INFORMATION GIVEN >>
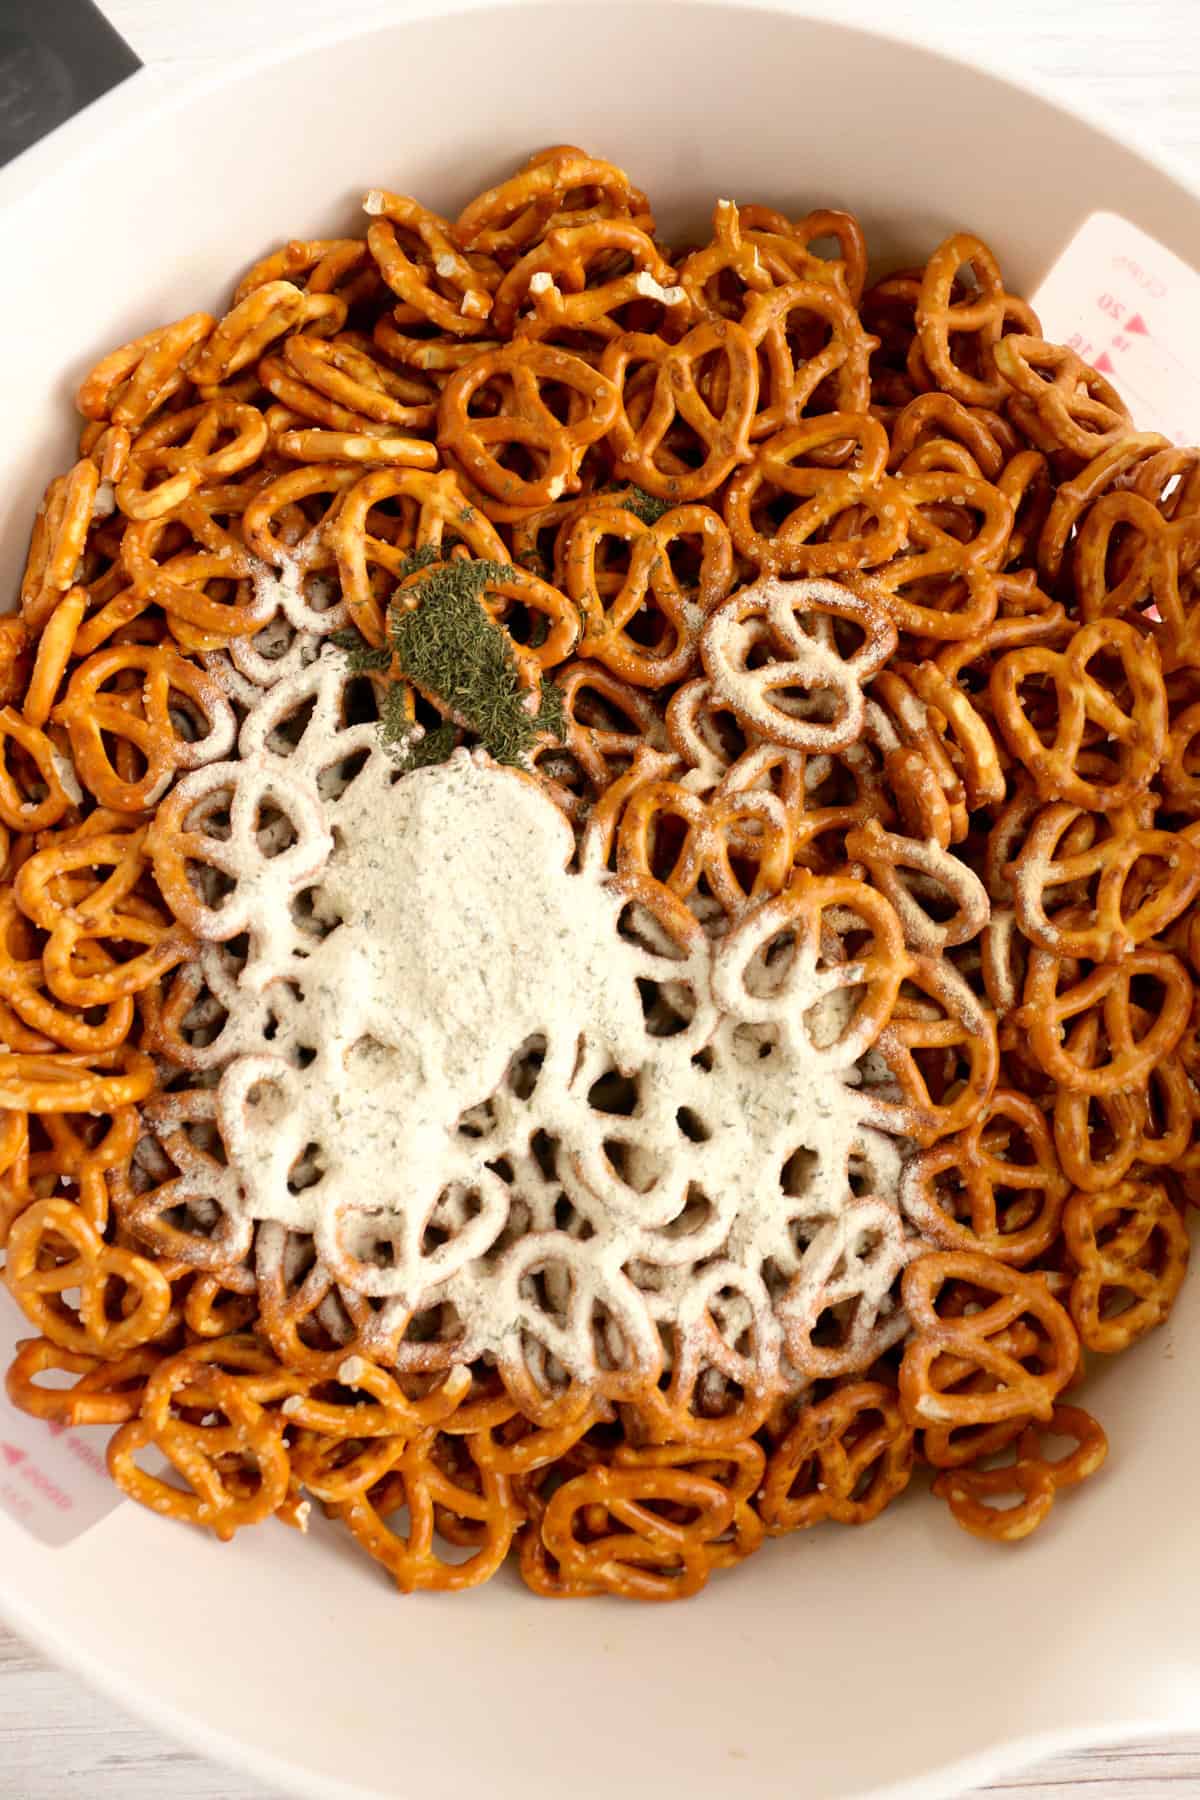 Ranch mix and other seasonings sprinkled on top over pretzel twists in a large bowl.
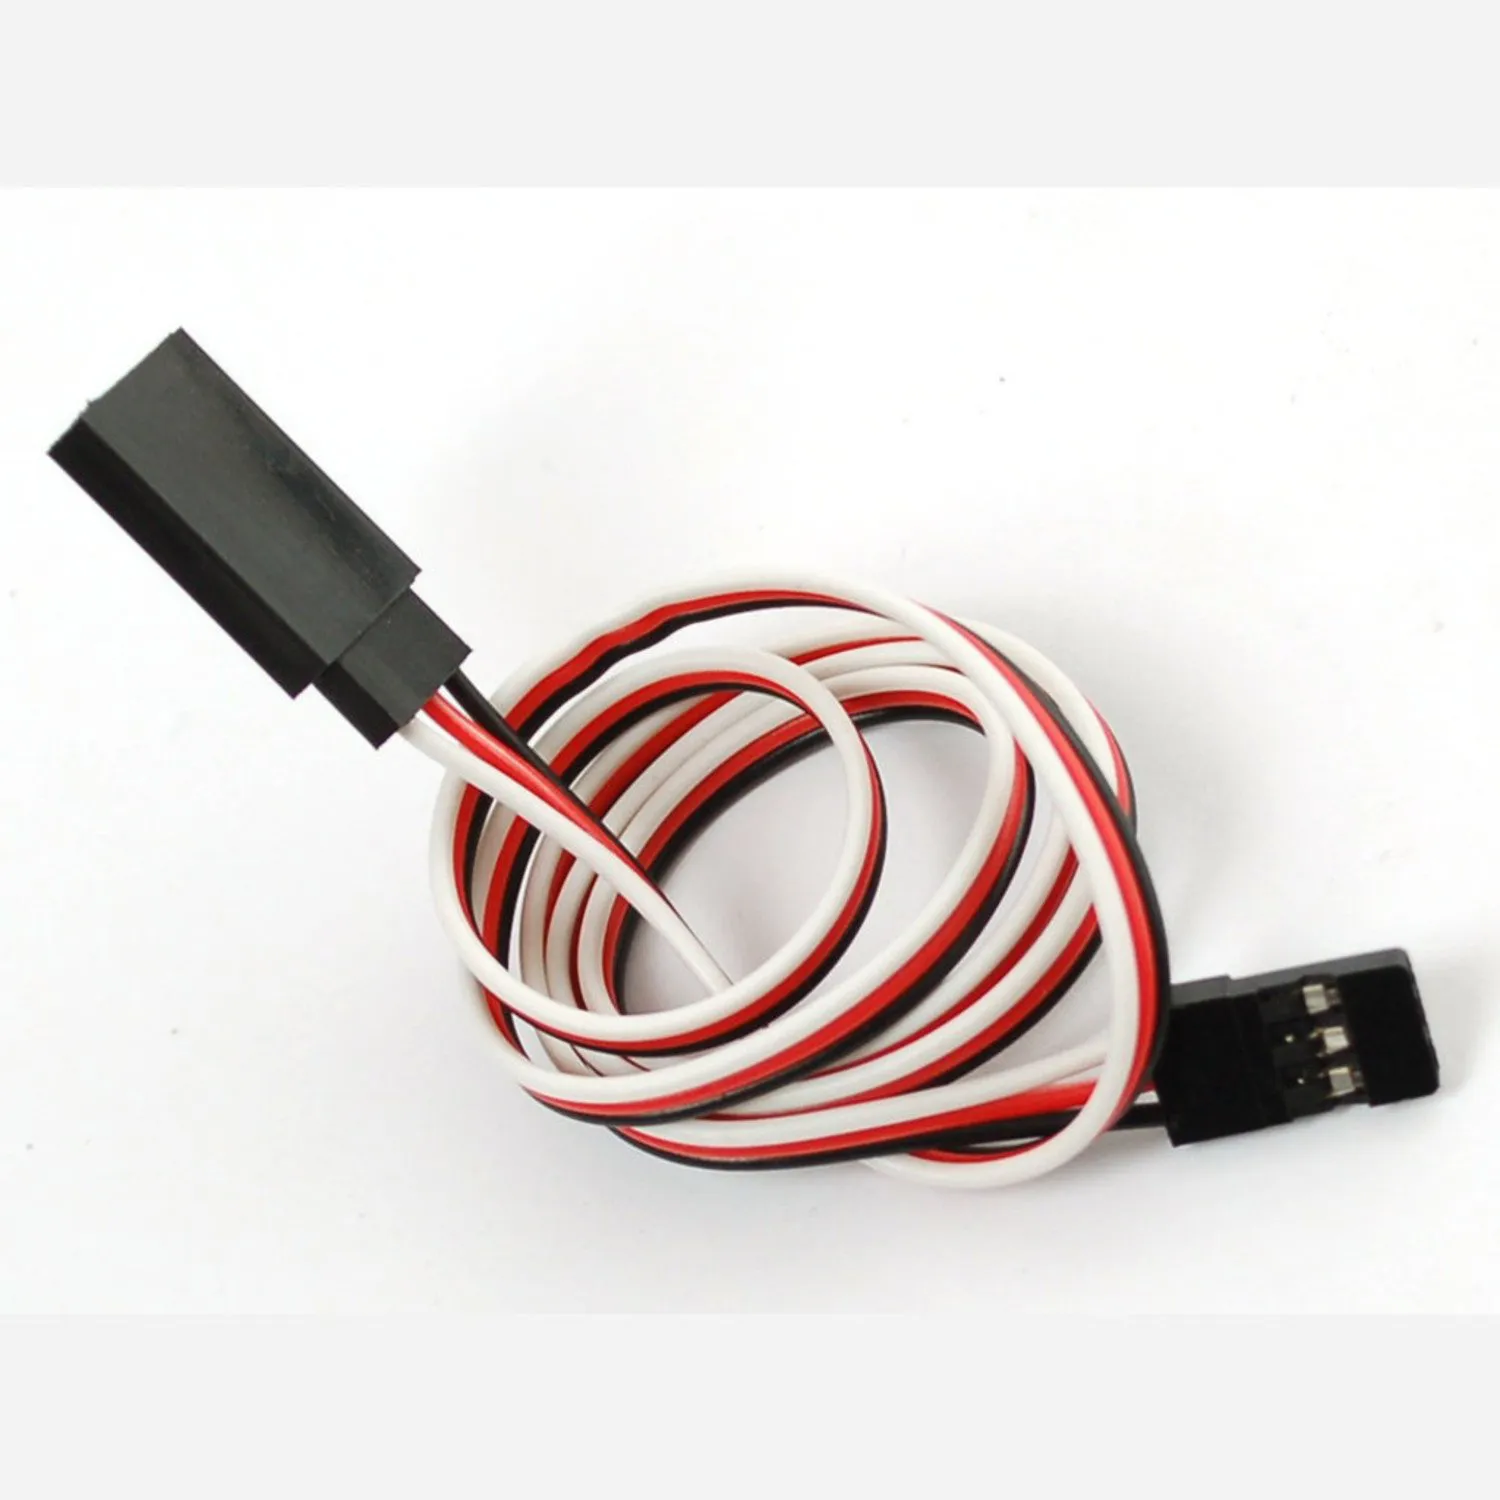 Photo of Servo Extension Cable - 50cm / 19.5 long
==
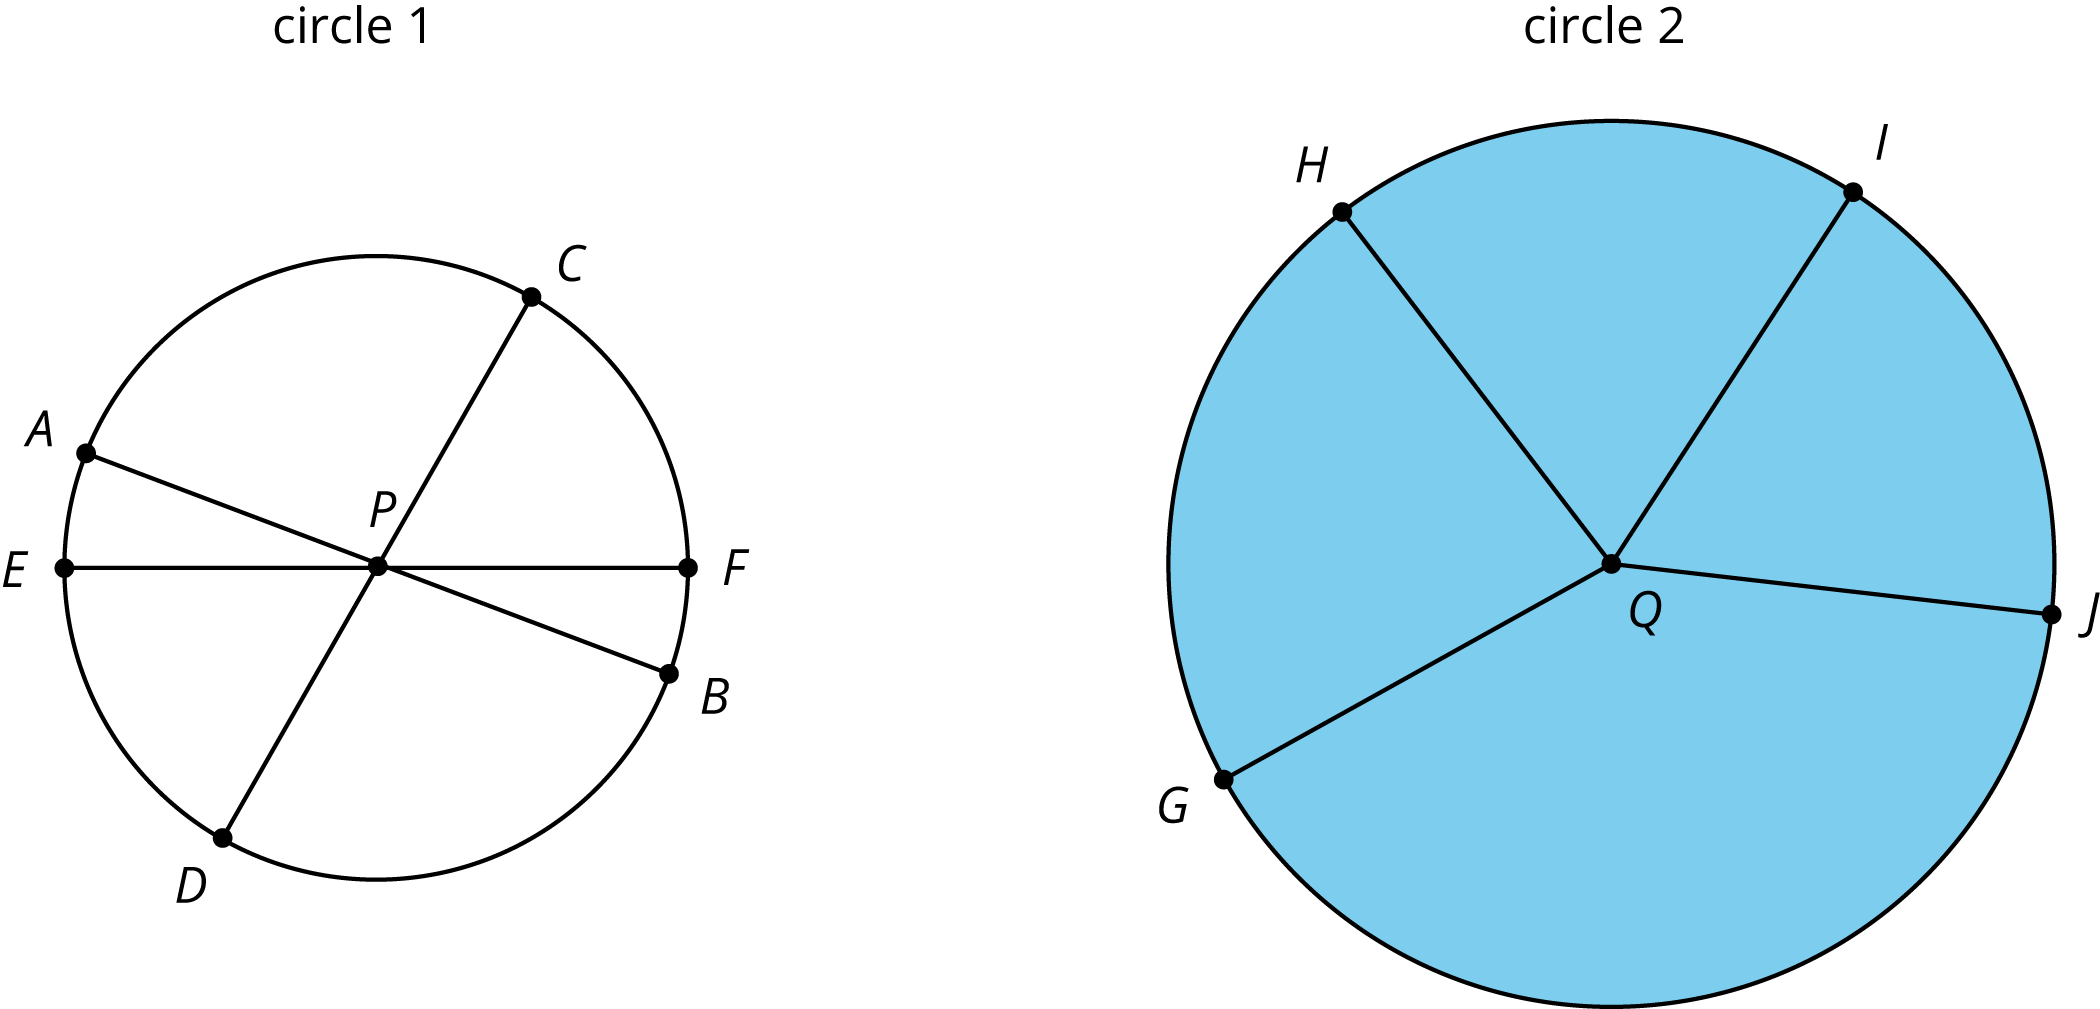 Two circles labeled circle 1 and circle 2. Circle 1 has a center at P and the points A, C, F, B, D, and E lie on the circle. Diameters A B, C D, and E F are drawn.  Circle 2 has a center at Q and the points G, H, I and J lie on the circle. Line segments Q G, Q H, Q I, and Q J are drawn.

TASK DETAILS >> Copy out exactly the lines above beginning with the line that contains "Ranch mix and" and finishing with the line that contains "Photo of Servo", including both; leave the pictures out.

TASK RESULT >>
 Ranch mix and other seasonings sprinkled on top over pretzel twists in a large bowl.
 Photo of Servo Extension Cable - 50cm / 19.5 long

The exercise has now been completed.